Mieszkańcy zakłócili spotkanie Tuska. Lider PO musiał się tłumaczyć z rozmów z Putinem
Donald Tusk spotkał się z potencjalnymi wyborcami z Barlinka ulokowanego na Pomorzu Zachodnim, a głównym tematem jego wystąpienia była wszechobecna drożyzna. Zostało ono jednak przerwane przez część mieszkańców, a sam polityk PO musiał się tłumaczyć z rozmów z Władimirem Putinem. Szef opozycji przypomniał o wizycie Mateusza Morawieckiego u Aleksandra Łukaszenki.
Donald Tusk już od jakiegoś czasu podróżuje po naszym kraju, a jego głównym celem są spotkania z wyborcami. Jak się okazuje, nie zawsze przebiegają zgodnie z planem, a sam polityk bardzo często musi tłumaczyć się z wielu zarzutów, które padają w jego stronę.
Tym razem wizytował zachodniopomorską miejscowość Barlinek, gdzie mówił o ogromnej drożyźnie, a co za tym idzie - galopującej inflacji. Lider opozycji zorganizował spotkanie z mieszkańcami przed budynkiem jednej z lokalnych piekarni. Swoje przemówienie rozpoczął od zrelacjonowania rozmowy z właścicielem zakładu, która dotyczyła rosnących kosztów podstawowej energii. Zaznaczył, że rachunek przedsiębiorcy w ciągu roku wzrósł z 3,3 tys. do 13,3 tys. zł.
Wielu zgromadzonych o aktualną sytuację oskarżyło Donalda Tuska, a także jego partię. Lider PO odniósł się do tych słów, w mocny sposób uderzając w Prawo i Sprawiedliwość.
- Ciężar inflacji muszą nosić na sobie ludzie ciężko pracujący. To jest coś, co rzeczywiście porusza nie tylko mnie. Niezależnie od poglądów politycznych, w Barlinku i podobnie jak wszędzie w Polsce, ludzie mają różne poglądy. Niektórzy mnie lubią, niektórzy nie, niektórzy krzyczą, inni się cieszą, że mnie widzą. To jest zrozumiała sprawa. Niezrozumiałe jest to, że piekarz z Barlinka ma zapłacić 400 proc. więcej za gaz, a PGNiG ma zarobić 4 mld zł rekordowych zysków w ciągu trzech miesięcy - podkreślił.

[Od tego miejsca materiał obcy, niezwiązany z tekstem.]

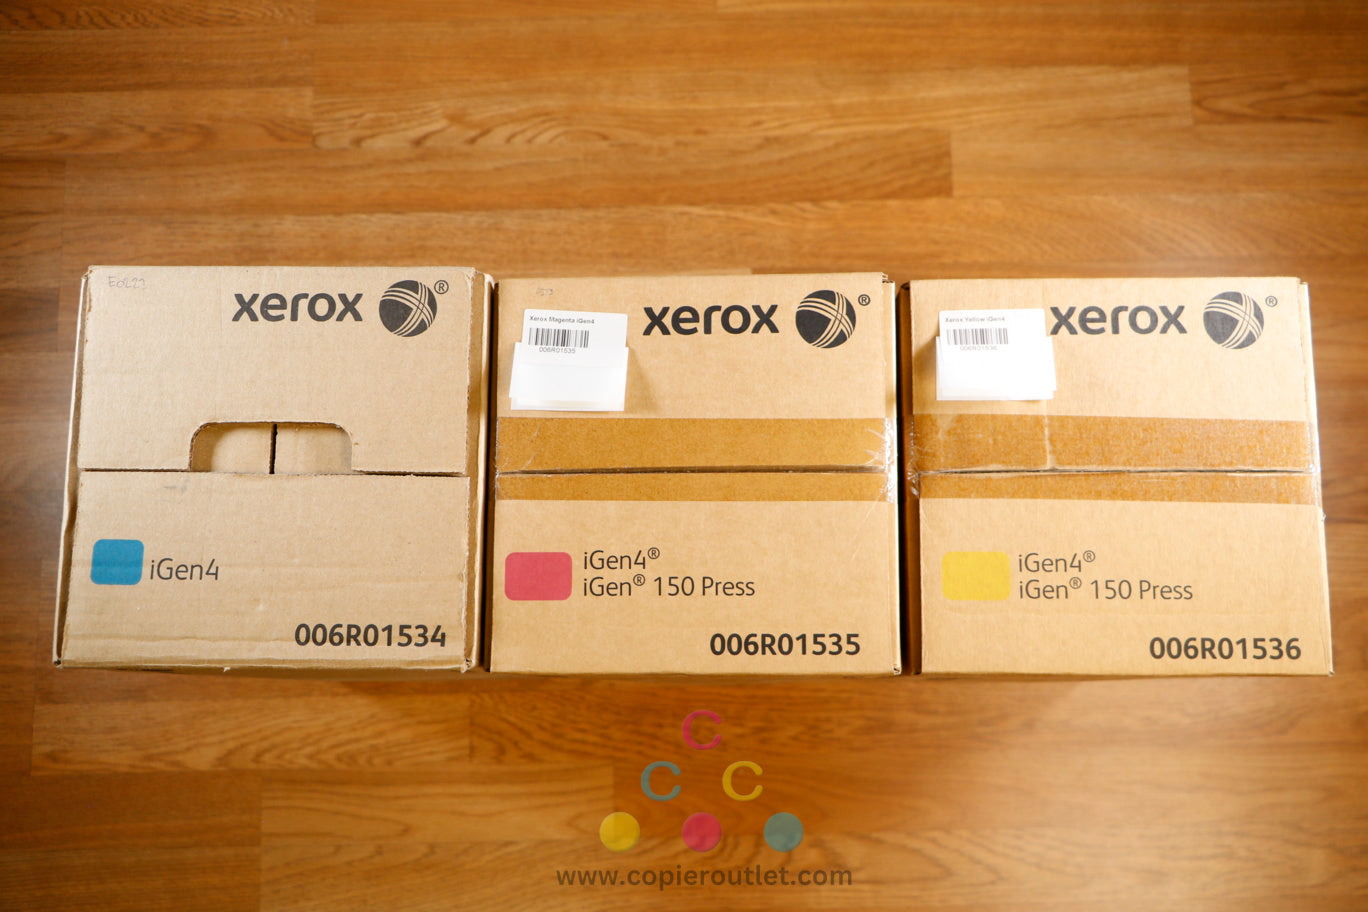 NEW Genuine Xerox 006R01534,35,36 CMY Matte Dry Ink Toners for Xerox iGen4 iGen150

Morawiecki uderzył w Tuska. "Panie Donaldzie Tusku, dość kłamstw"
Jeden z obecnych nawiązał do porannego wpisu premiera Mateusza Morawieckiego, który za pośrednictwem mediów społecznościowych zaatakował Donalda Tuska. Kością niezgody był wzrost wartości rosyjskich produktów importowanych do Polski.
- Panie Donaldzie Tusku, dość kłamstw. Pana rząd chciał importu gazu z Rosji do 2037 roku. To nie premier z PiS spotykał się ze zbrodniarzem. Prośba, aby pan nie przeszkadzał w budowaniu silnej i suwerennej Polski - napisał na Twitterze Morawiecki.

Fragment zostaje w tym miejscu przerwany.